**MATERIAL SUPPLIED:**
----------------------------------------
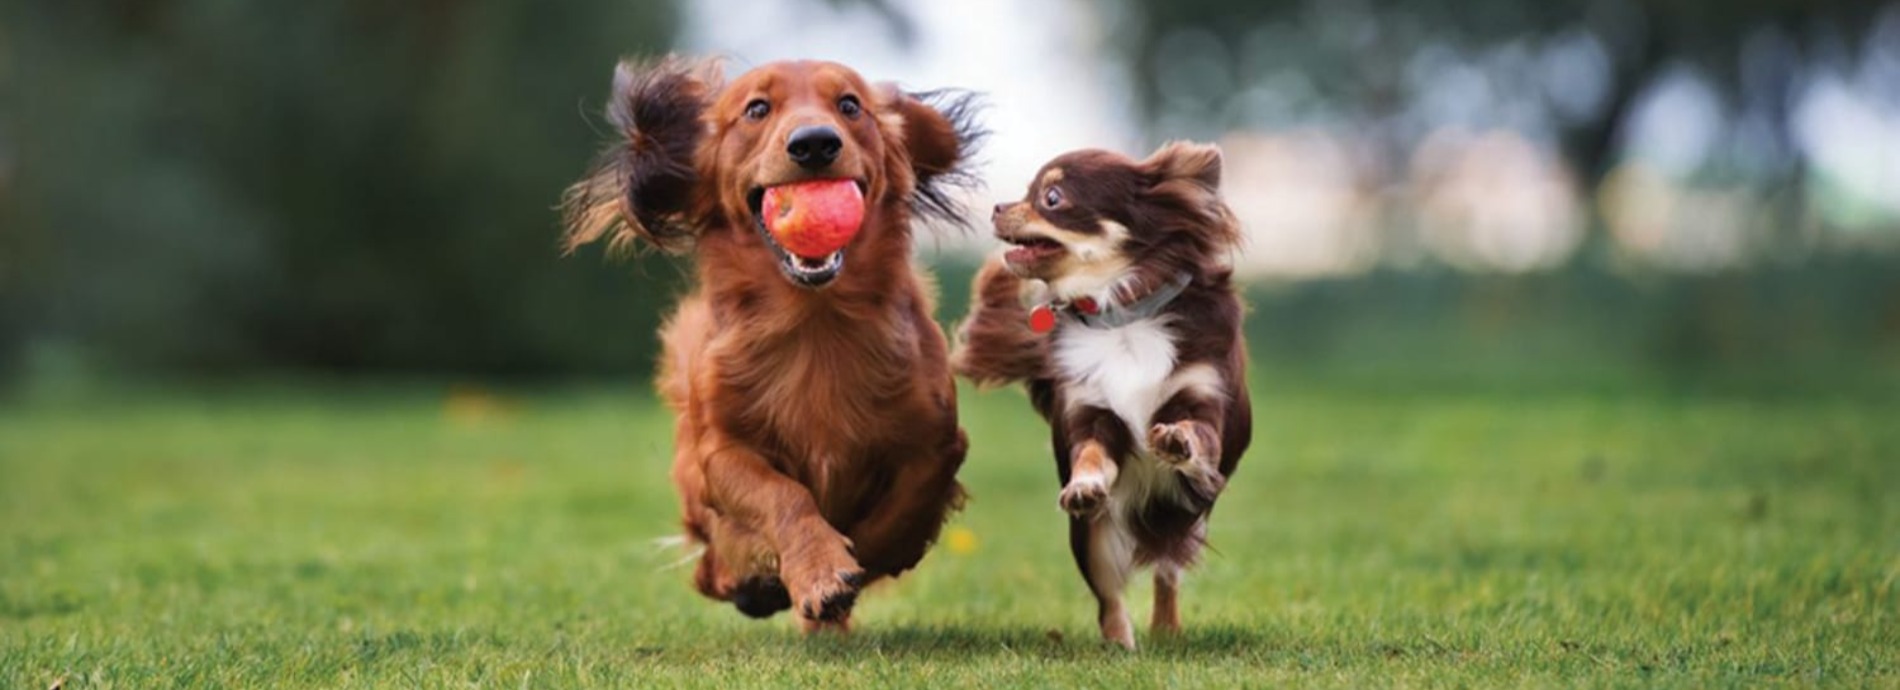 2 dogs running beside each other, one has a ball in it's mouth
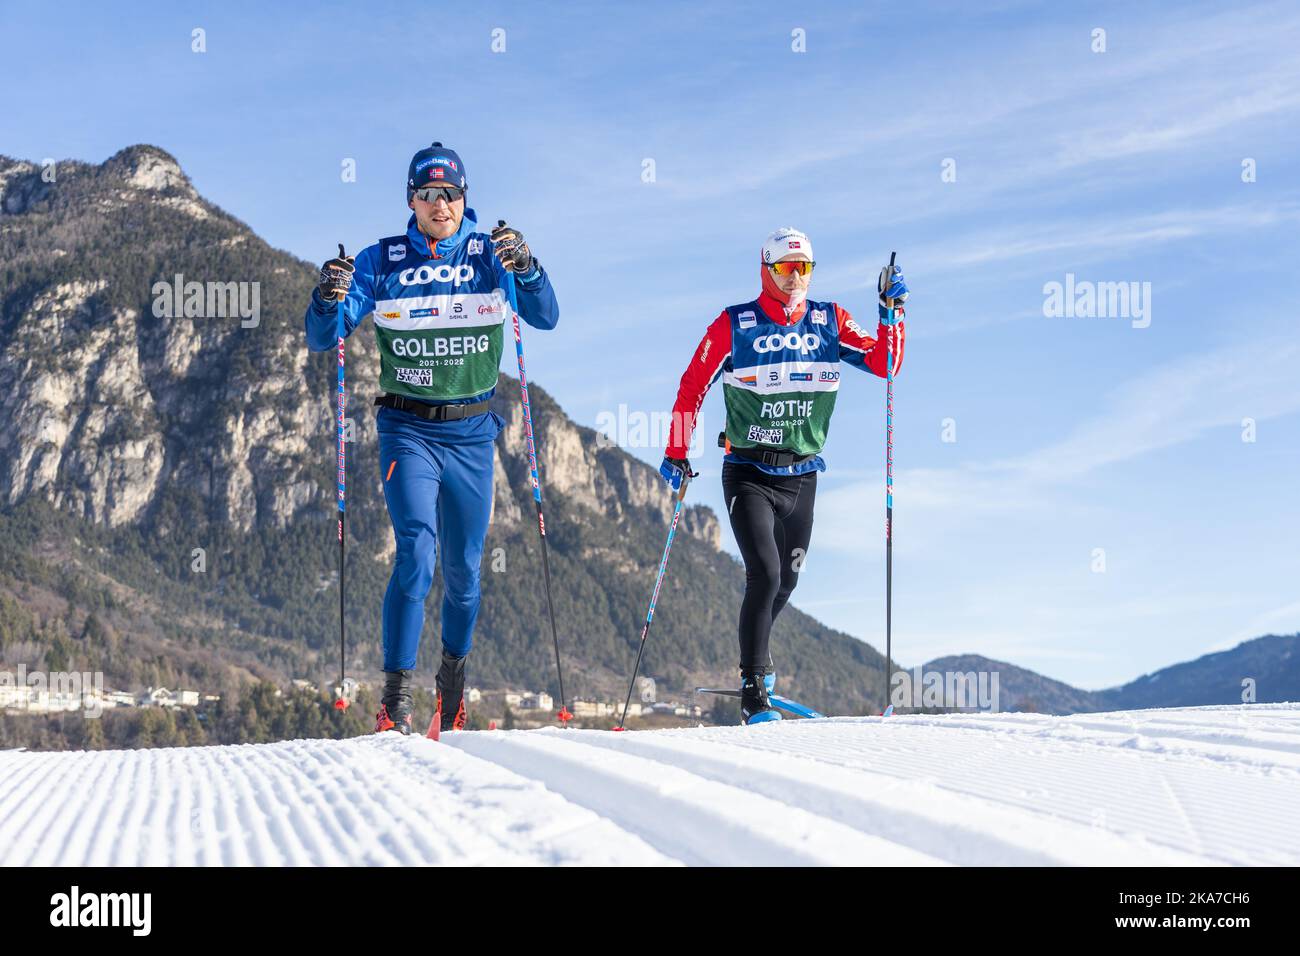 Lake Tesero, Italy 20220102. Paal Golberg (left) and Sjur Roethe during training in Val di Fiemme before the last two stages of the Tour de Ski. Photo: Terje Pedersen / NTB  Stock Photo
----------------------------------------
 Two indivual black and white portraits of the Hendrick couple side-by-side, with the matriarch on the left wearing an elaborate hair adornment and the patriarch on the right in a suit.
----------------------------------------
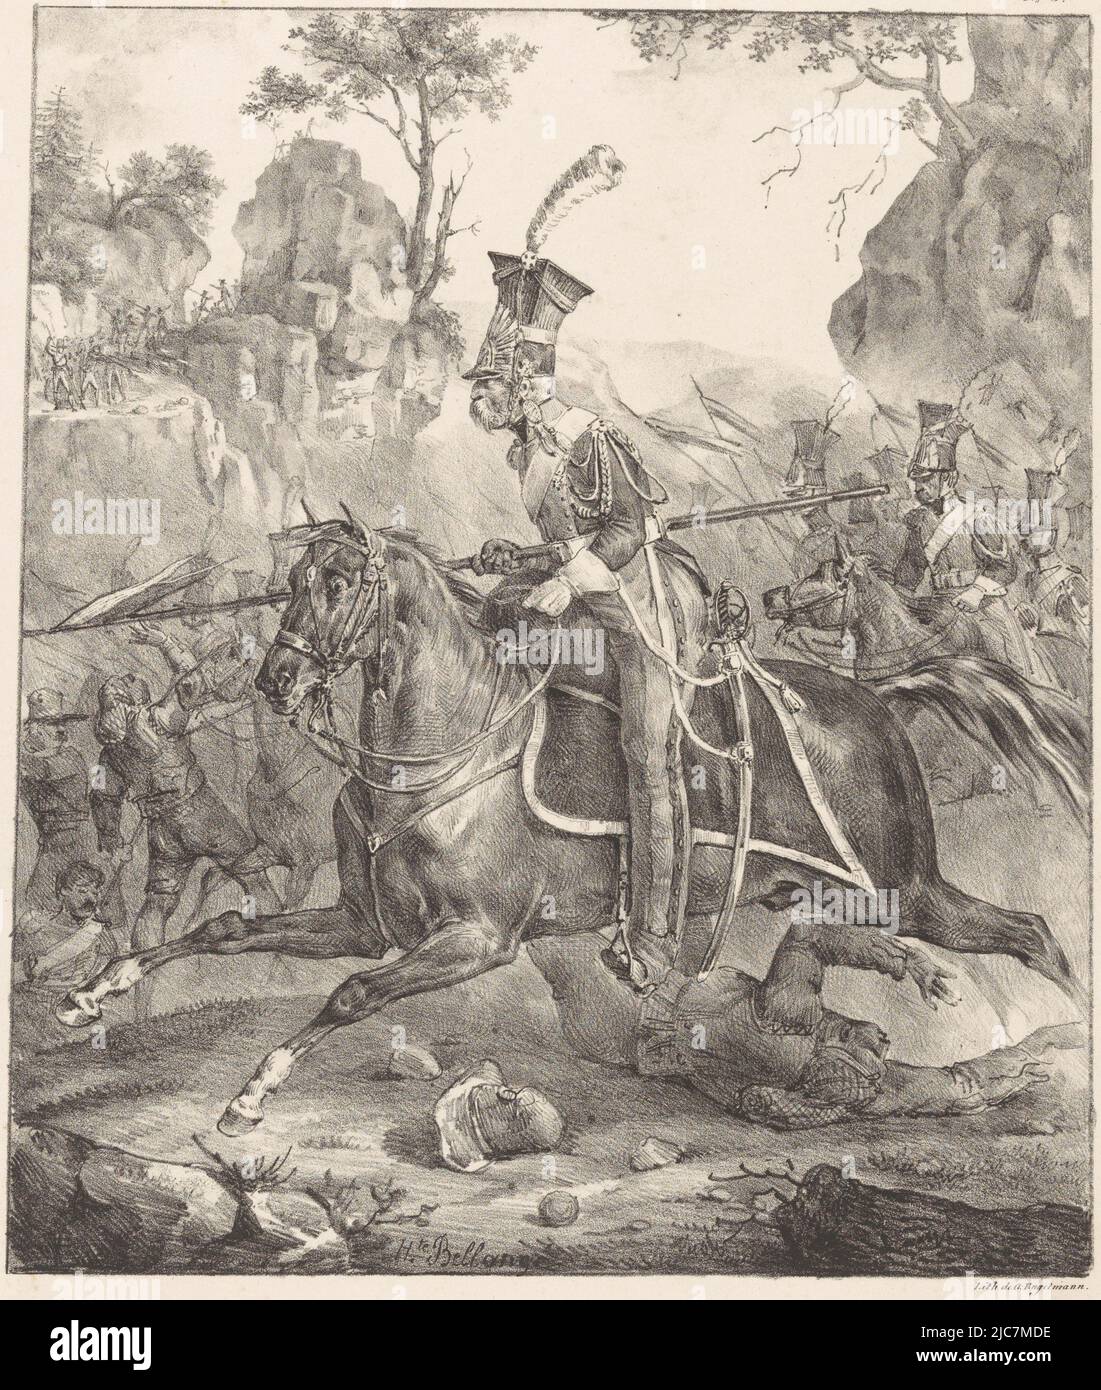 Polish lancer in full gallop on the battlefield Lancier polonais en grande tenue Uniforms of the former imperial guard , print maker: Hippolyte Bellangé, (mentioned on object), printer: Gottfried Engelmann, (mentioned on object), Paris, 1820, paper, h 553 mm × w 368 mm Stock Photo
----------------------------------------
**PROMPT:**
In the listing above, find the line with "2 dogs running" and the line with "Lake Tesero, Italy". Copy exactly those two and every line between, without the pictures.

**ANSWER SECTION:**
 2 dogs running beside each other, one has a ball in it's mouth
 Lake Tesero, Italy 20220102. Paal Golberg (left) and Sjur Roethe during training in Val di Fiemme before the last two stages of the Tour de Ski. Photo: Terje Pedersen / NTB  Stock Photo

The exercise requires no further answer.